El manejo de los sentimientos siempre ha sido una de las tareas más delicadas que los seres humanos podamos hacer. Siendo, en la doctrina clásica, mucho más importantes las llamadas potencias del alma, la razón y la voluntad, y por tanto de mayor exigencia de cuidado y atención, es sin embargo la vida emotiva, la vida afectiva la que más nos solicita y reclama cuidado al ponerla entre manos. Ya lo dice José Antonio Marina: "Nada nos interesa más que los sentimientos porque en ellos consiste la felicidad o la desdicha". Y a este mundo parecen apuntar los comportamientos de los aparatos del Estado responsables del tráfico hasta el punto de que a veces da la impresión de que cualquier desacuerdo, cualquier disidencia con la línea de pensamiento impuesta resulta una heterodoxia lamentable o, al menos, de mal gusto. Pero no es así en ningún caso.

¿Se puede hablar serenamente de que exista o haya una política de tráfico? ¿Una política con fines, metodología, presupuesto, instrumentos y coordinación pública? Difícilmente. Lo que uno descubre en cuanto analiza medidas y sistemas de tráfico es exclusivamente la represión, el escarmiento y el control. No parece que haya otra tarea que llevar a cabo ni otra actuación. Por supuesto que colateralmente se van mejorando algunos sistemas pero una política de Estado con todos los elementos necesarios para poder ser calificada como tal no se encuentra en el espacio público. Ni en los organismos centrales ni tampoco en lo que se llaman regiones periféricas del Estado. Lo único que está sobre la mesa es una coerción cada vez más intensa con el sujeto de la conducción por parte de la Administración general del Estado y una ausencia manifiesta por lo obvia de todos los demás poderes públicos como si no hubiese otras muchas cosas que hacer, que corregir, que proclamar, que legislar, que atender, que poner en orden. ¿Es que nadie ha caído todavía en la cuenta de en cuántas oportunidades se queda en la carretera todo el fin de semana la señal en amarillo de 20, o 30, o 40 kilómetros por obras? ¿Hay algún ejemplo más obvio de cosas que hay que rectificar y sin que el conductor sea el culpable?

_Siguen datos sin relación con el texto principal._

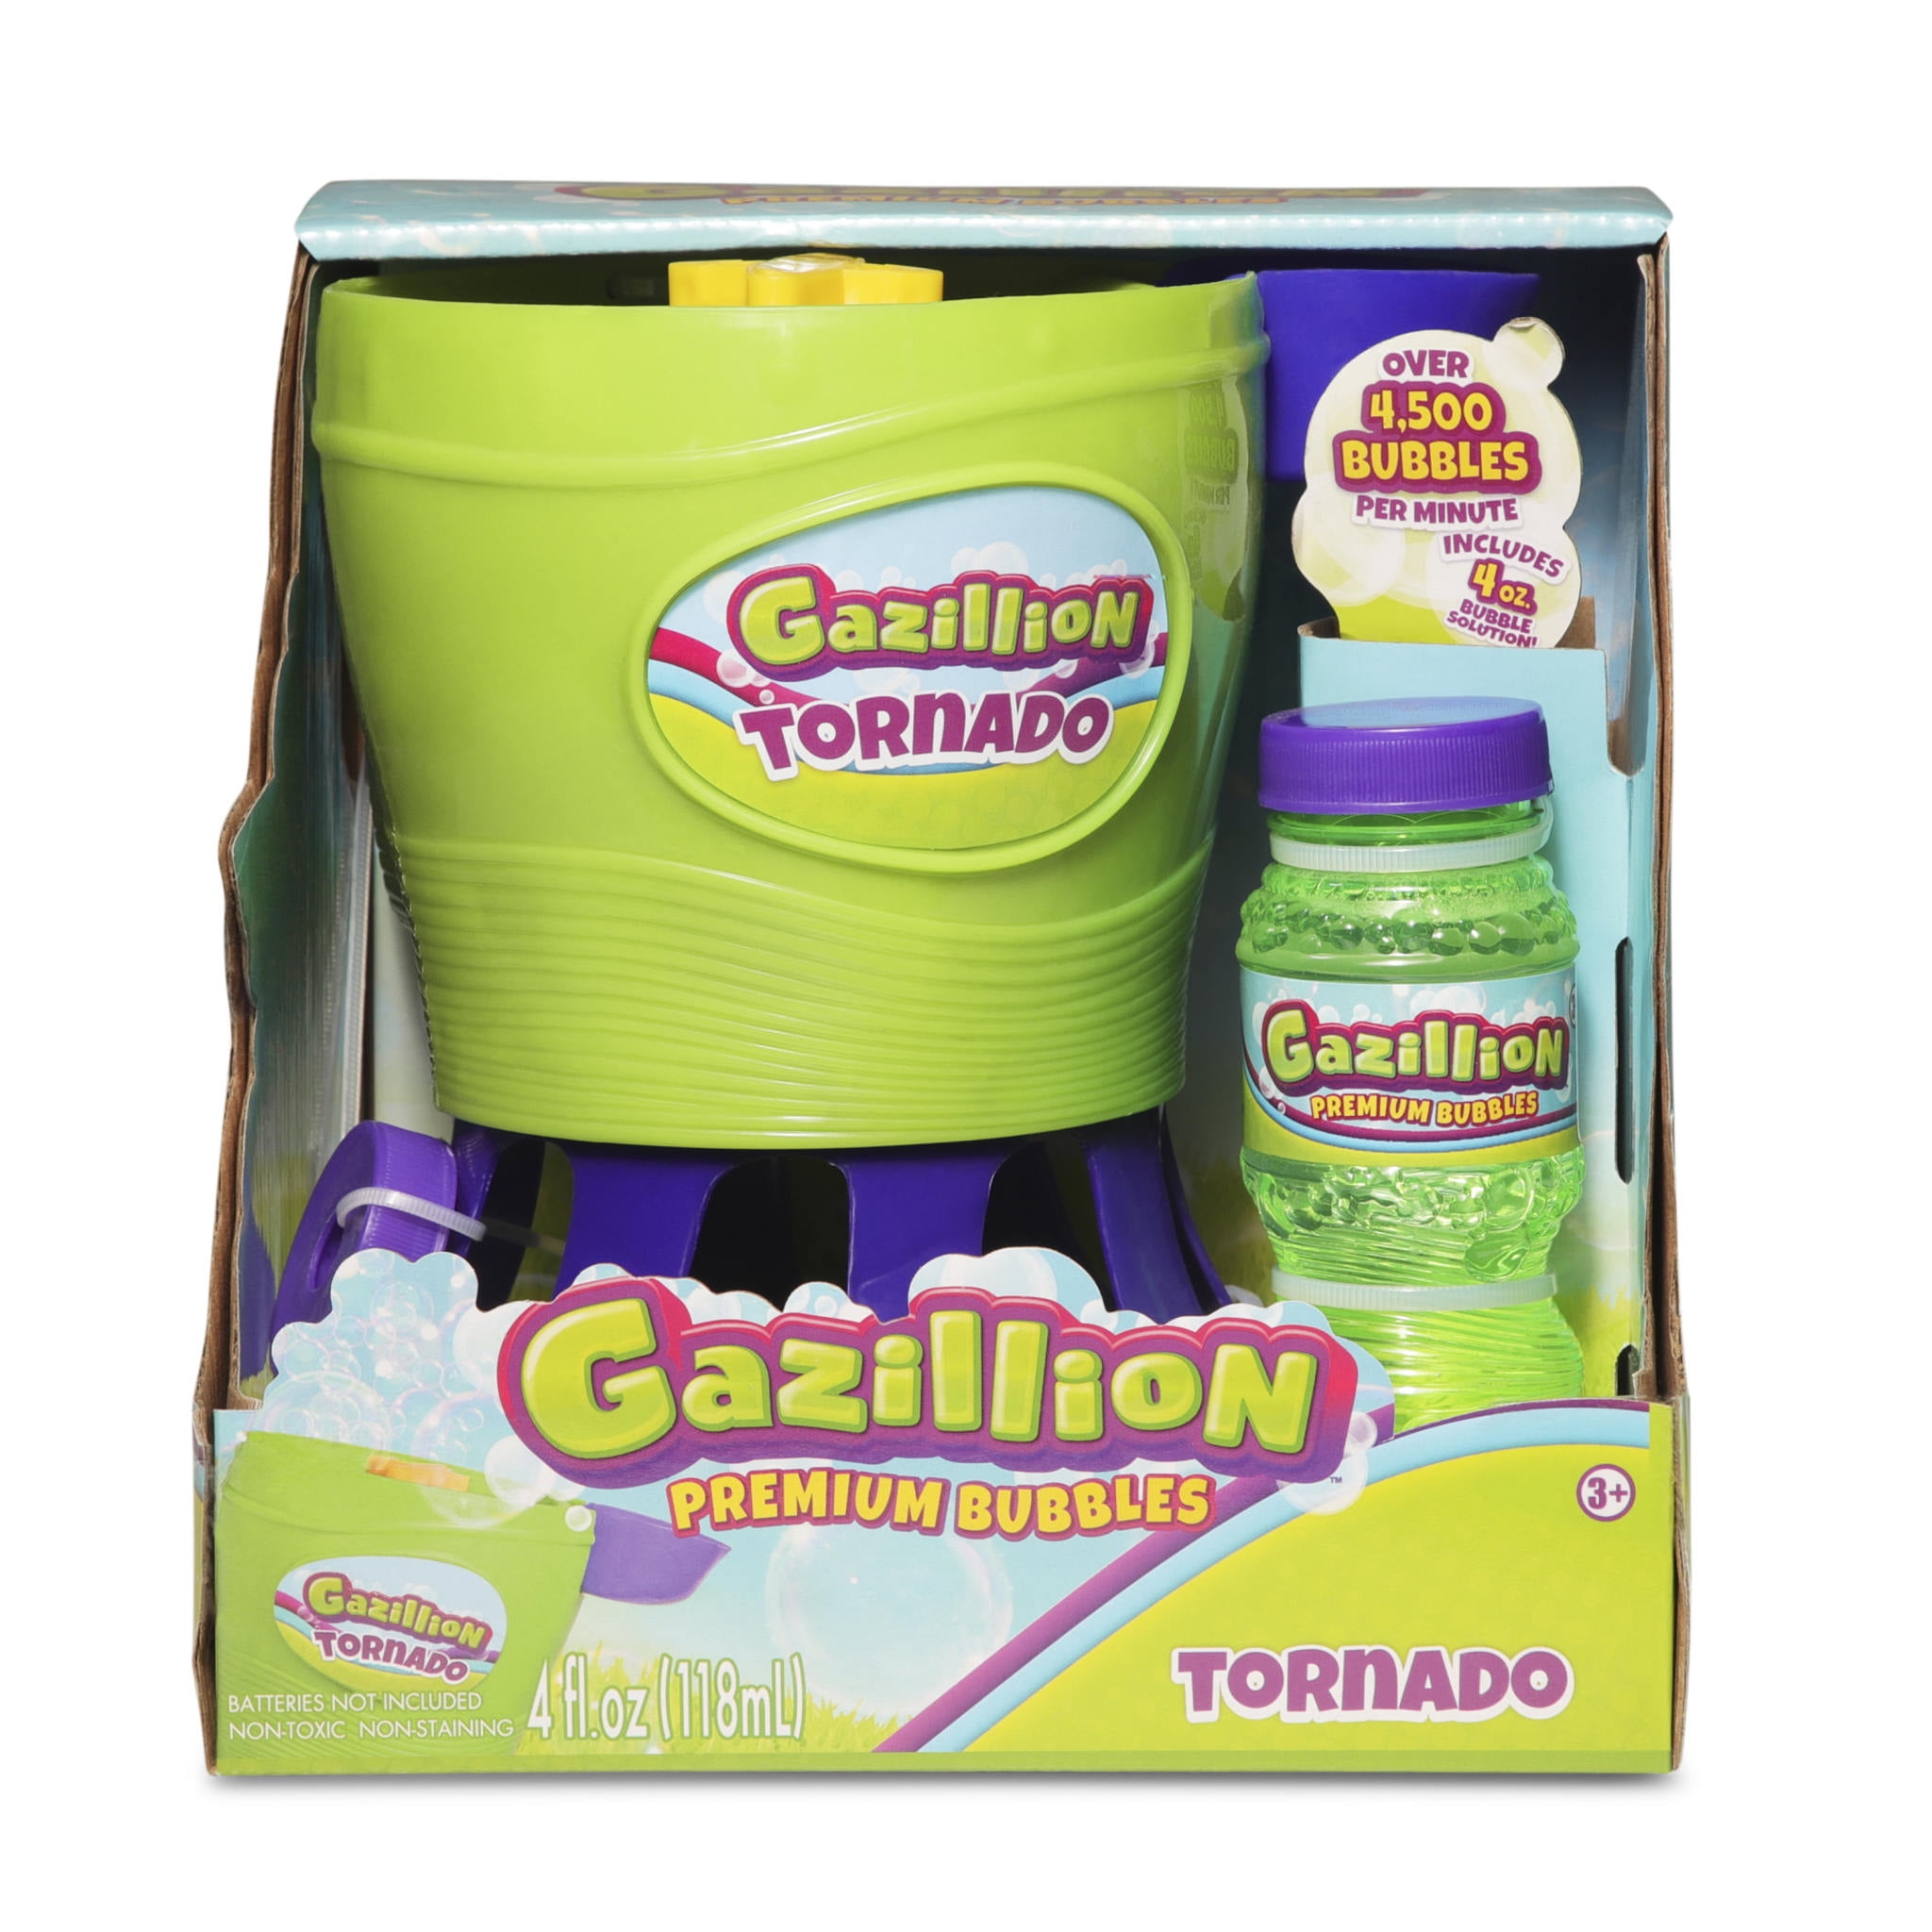 Gazillion Bubbles Tornado Machine Bubble Blaster Ultimate Blower Kids for sale online 
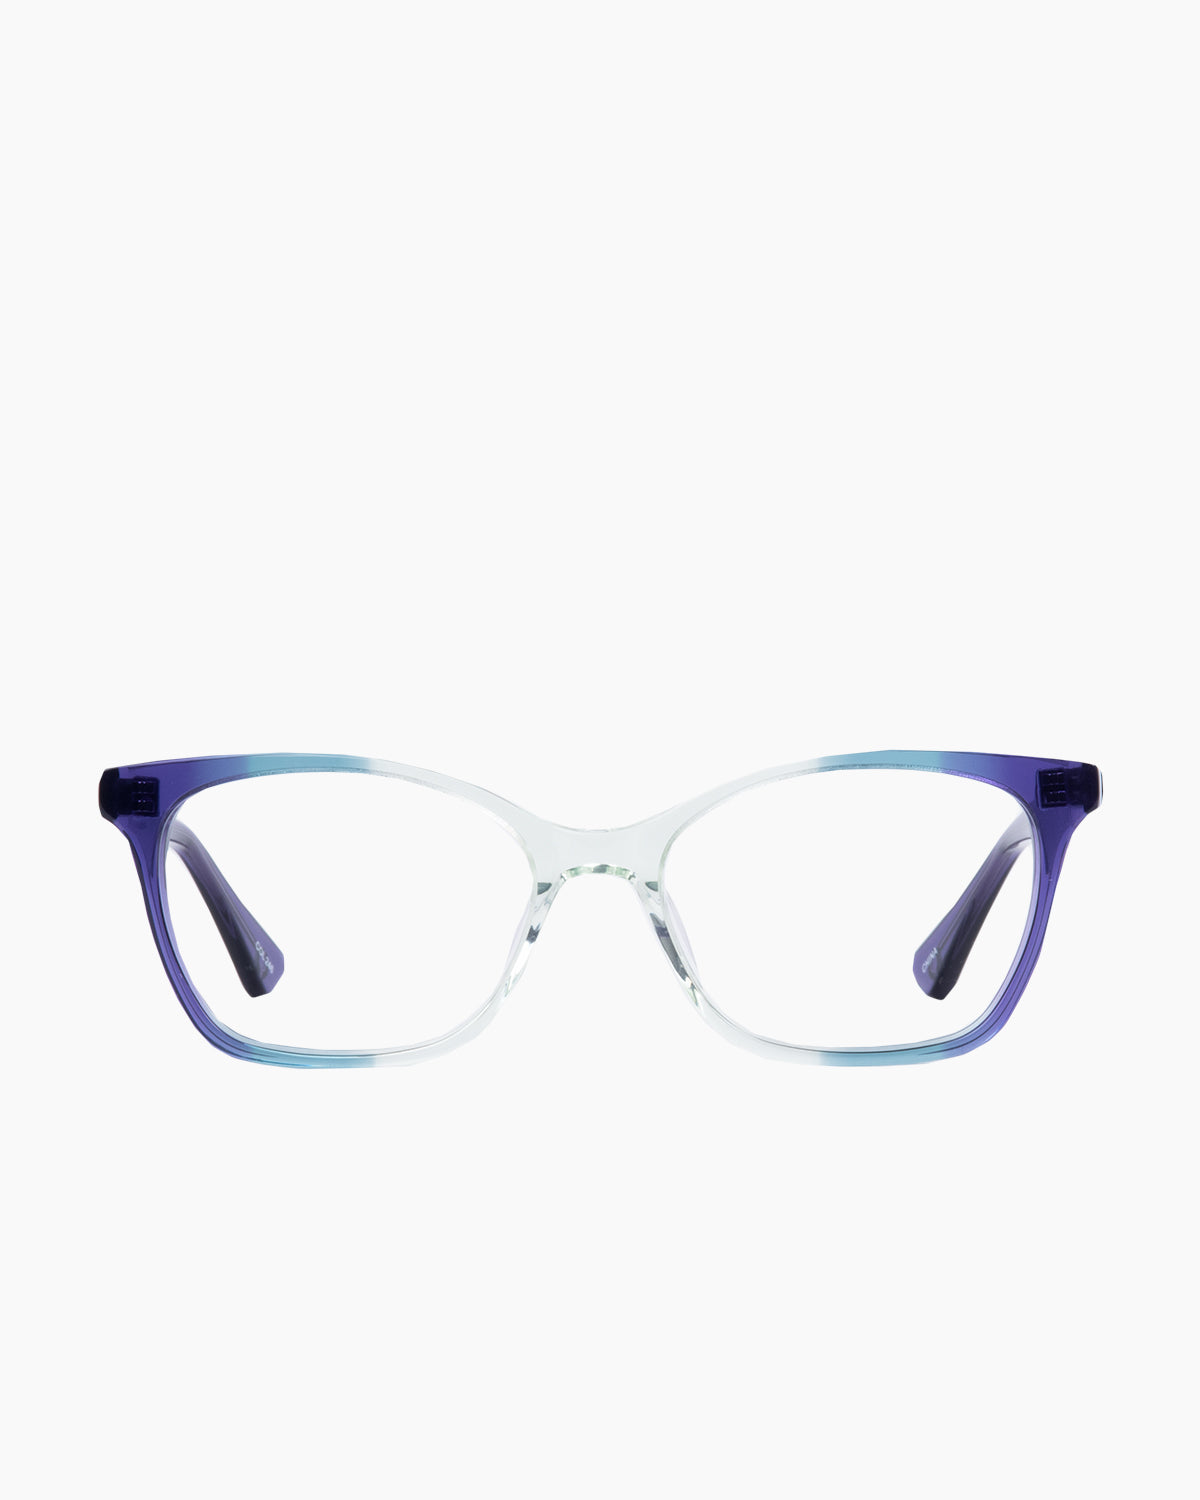 Evolve - Sophia - 246 | Bar à lunettes:  Marie-Sophie Dion

Valgan dos ejemplos suficientemente significativos. El primero más inmediato: ¿ha habido alguna corporación local que, para estimular o facilitar la vida social de sus ciudadanos, haya tomado alguna iniciativa en relación a los medios de transporte que permitan volver a casa a quien se ha tomado una copa?

La segunda tiene un mayor contenido político y aquí sólo puede sugerirse. Ya se sabe que siempre que se habla de administración, y más aún de la Administración, los oyentes empiezan en el acto a bostezar y eso en el mejor de los casos y si no se enfadan. Incluso hace ya demasiado tiempo que muchos intelectuales consideran de bajo nivel teórico ocuparse de estudiar asuntos relacionados con este asunto. Pero no tienen razón porque la política es un lenguaje de terribles efectos sociales. Un ejemplo paradigmático de cómo decisiones aparentemente organizativas encierran dentro una concepción ideológica y política del más alto nivel es precisamente el tráfico: ¿para cuándo un ministerio de tráfico? Quienes conocen el funcionamiento de las administraciones saben que la única efectiva manera de coordinar una acción pública es implicar a todos los sectores afectados en una única tarea política, y eso se consigue en una mesa como la del Consejo de Ministros, donde están todos los protagonistas. Mientras tanto, mientras esto no se haga, cada parcela de la Administración irá por su lado con los desajustes que vivimos a cada rato.

Sorprendentemente es la primera vez que en el tráfico (en toda la Administración del Estado) se premia a los buenos aumentando los puntos. ¡Albricias, con todo lo que significa social y políticamente esa medida!